What the exercise asks: Return the run of lines below that opens with the line containing "Paper Airplane nice wallpaper" and closes with the line containing "Seatle-Lifestyle-Photographer-Lindsey-Bolling-1327-4.jpg", keeping each one exact.

Data extract:
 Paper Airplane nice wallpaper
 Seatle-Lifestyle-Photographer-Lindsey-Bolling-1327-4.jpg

...

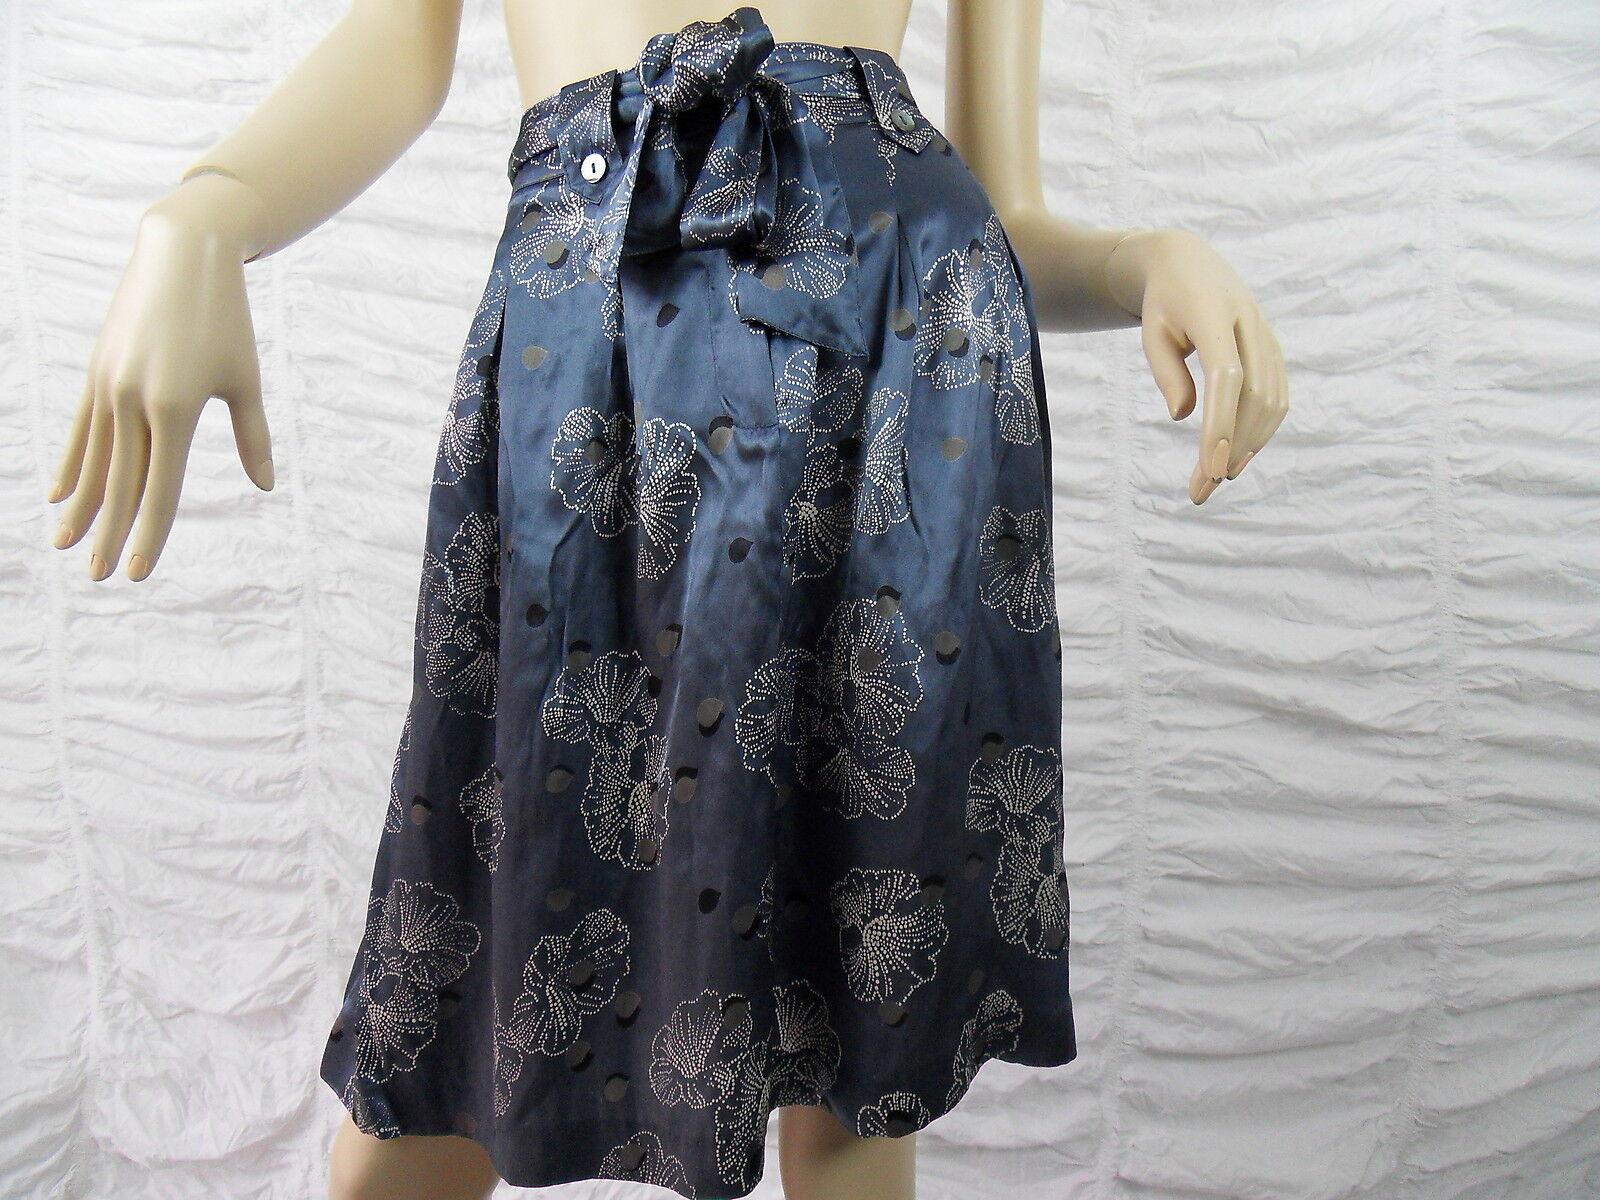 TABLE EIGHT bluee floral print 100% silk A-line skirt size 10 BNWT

Task output:
 Paper Airplane nice wallpaper
 Seatle-Lifestyle-Photographer-Lindsey-Bolling-1327-4.jpg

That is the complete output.